Investor sentiment has always been a critical driver in the crypto space. Both positive and negative sentiment influence ongoing trends — be they price movements, product launches or regulations. In 2022, sentiment worldwide suffered as major crypto firms and ecosystems collapsed, further straining investors amid an unforgiving bear market.
While many showed resilience as Terraform Labs, Celsius and Voyager, among others, closed down, Sam Bankman-Fried’s alleged misappropriation of FTX customers’ funds drove even the most die-hard crypto investors to question the integrity of those running the show.

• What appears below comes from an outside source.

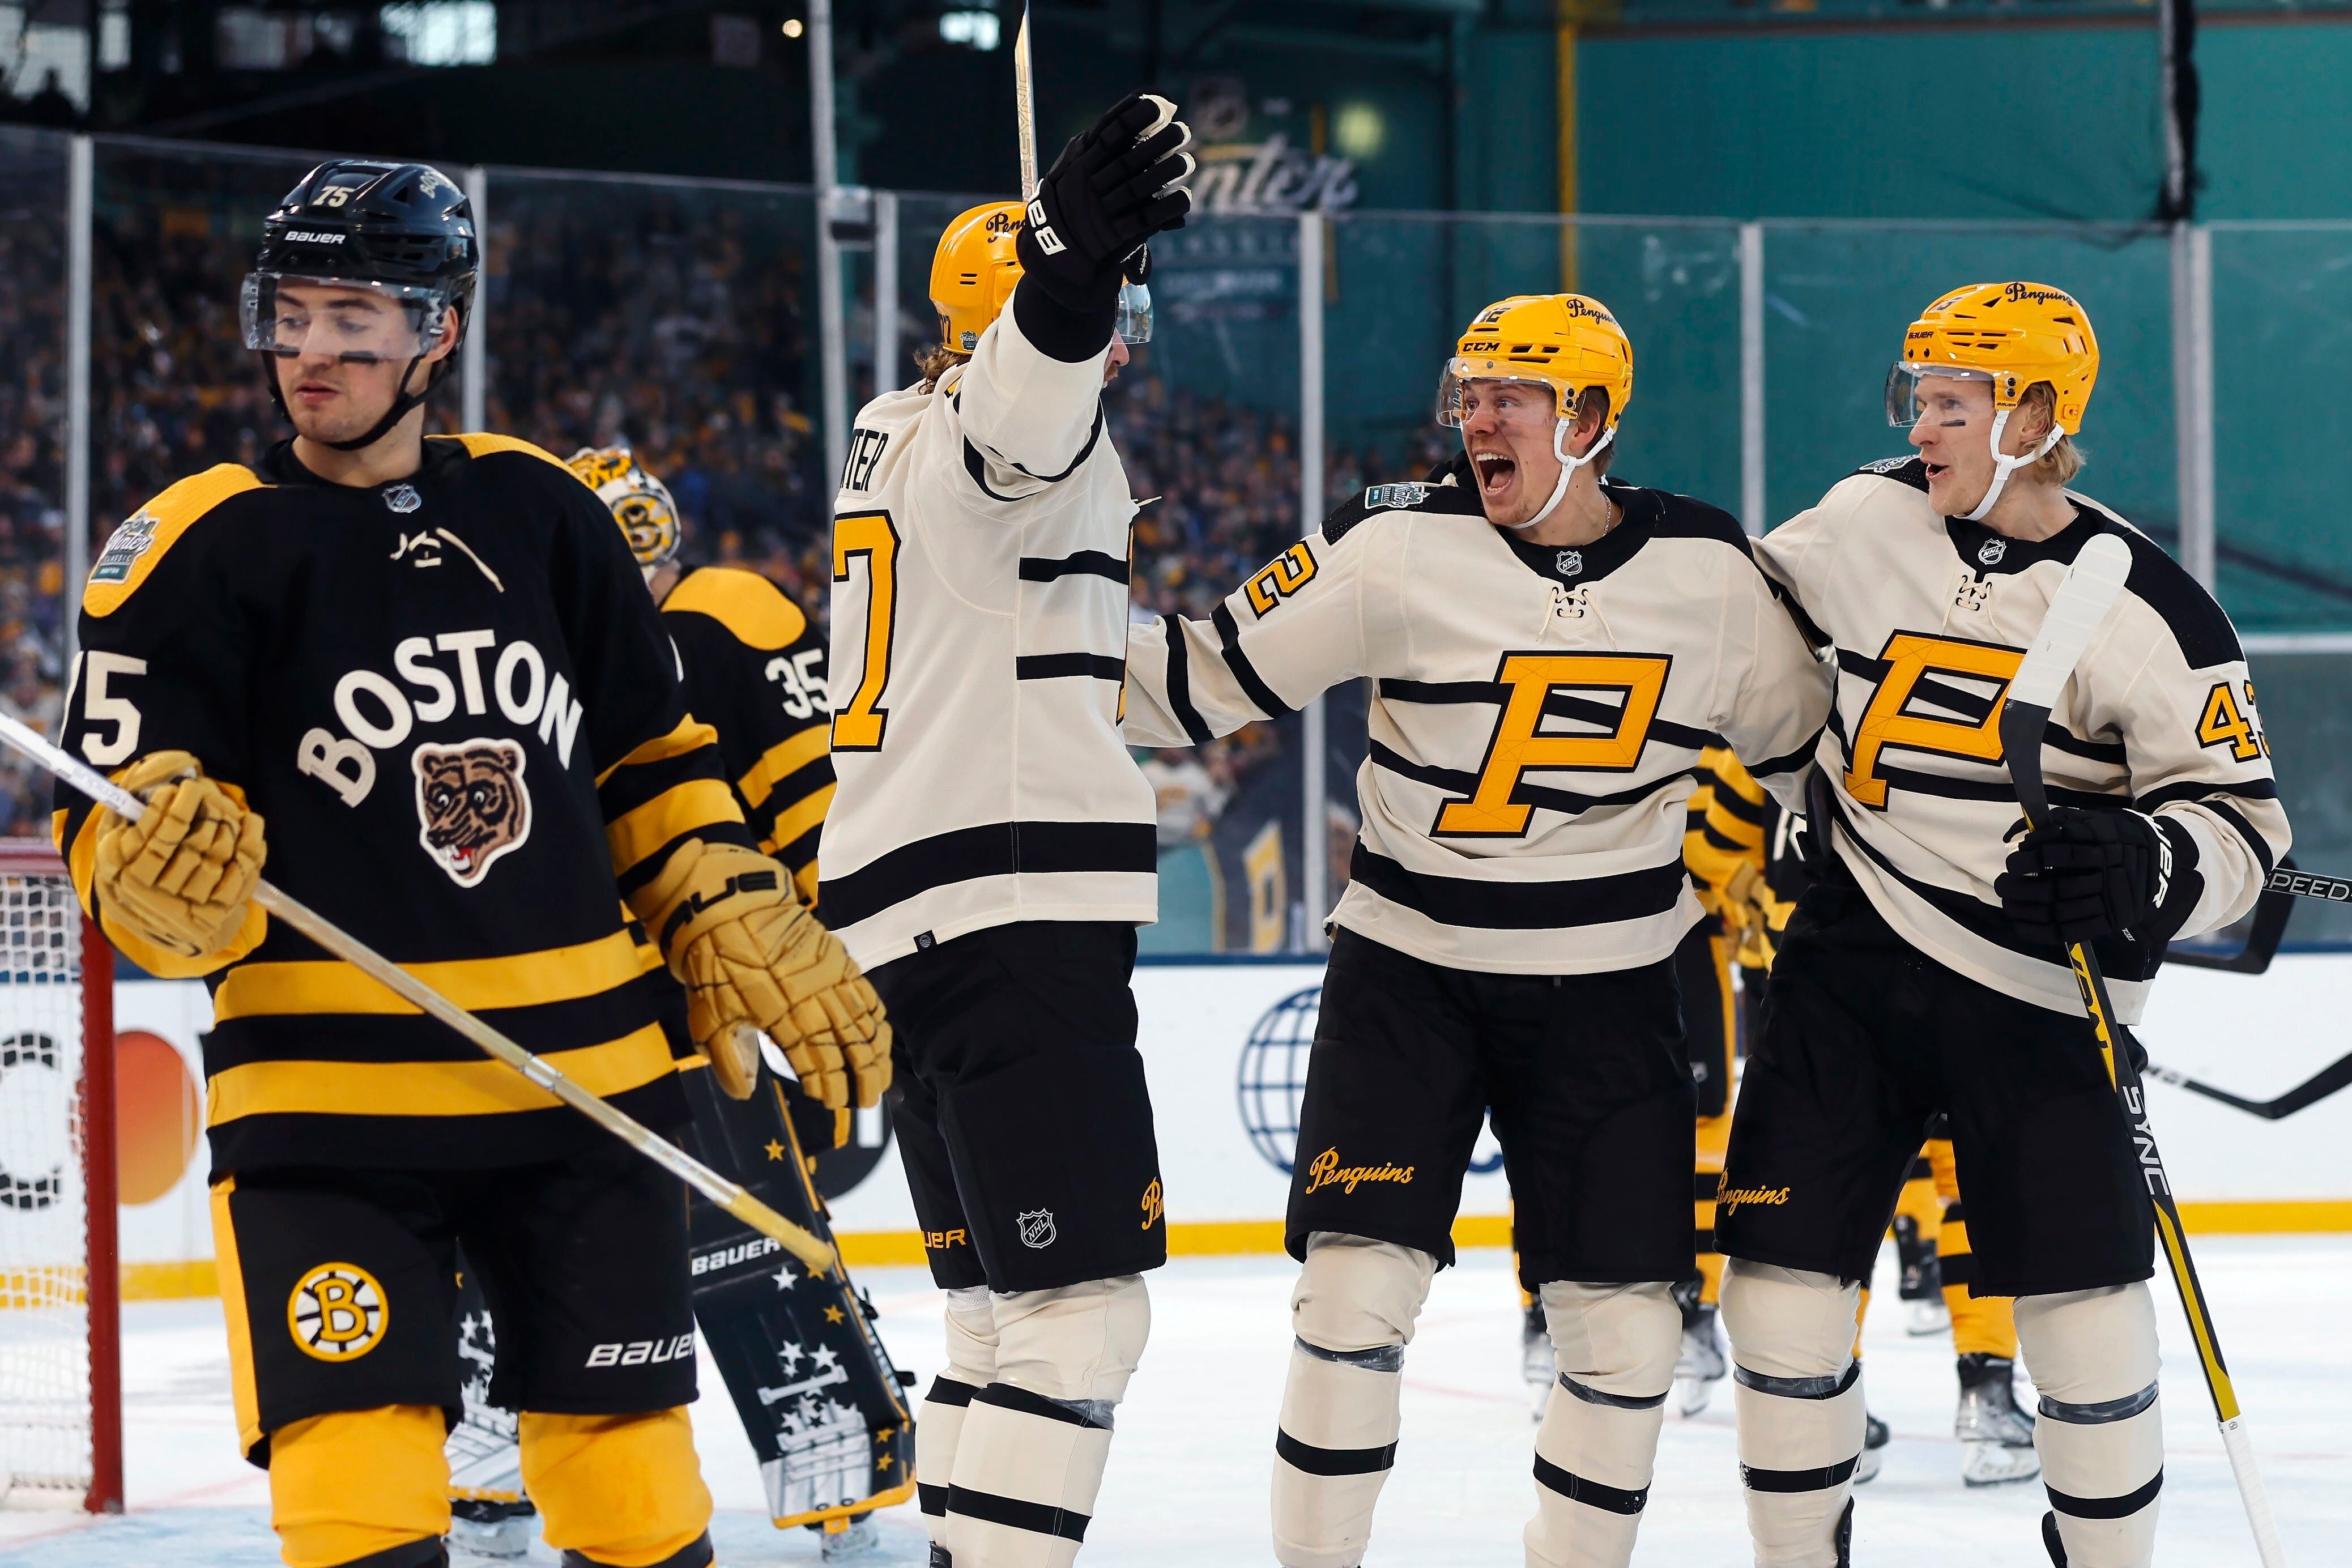 Jake DeBrusk scores twice as Bruins edge Penguins at Winter Classic

A series of scams, crashes, bankruptcy filings and court cases have forced investors to rethink how they store crypto and seek accountability from crypto exchanges. Proof of reserves (PoR) became the de facto standard adopted widely among crypto exchanges to publicly showcase and reassure investors that funds exist.
Sumit Gupta, co-founder and CEO of CoinDCX — a Mumbai-based crypto exchange — has opted for the same approach of being transparent with investors. Speaking to Cointelegraph, Gupta discussed the thought process behind proof-of-reserves standards, healing investor sentiment, a new era of trust-building and more.
Cointelegraph: While many exchanges have opted to reveal their proof of reserves, the outflow of assets from exchanges remains a growing trend. Do you think this new standard will help regain investors’ trust?
Sumit Gupta: The collapse of FTX, which is actually a case of malpractice and manipulation of the market, has shaken the industry. Unfortunately, the fiasco has been linked to the integrity of the crypto market, questioning the safety and security of crypto assets.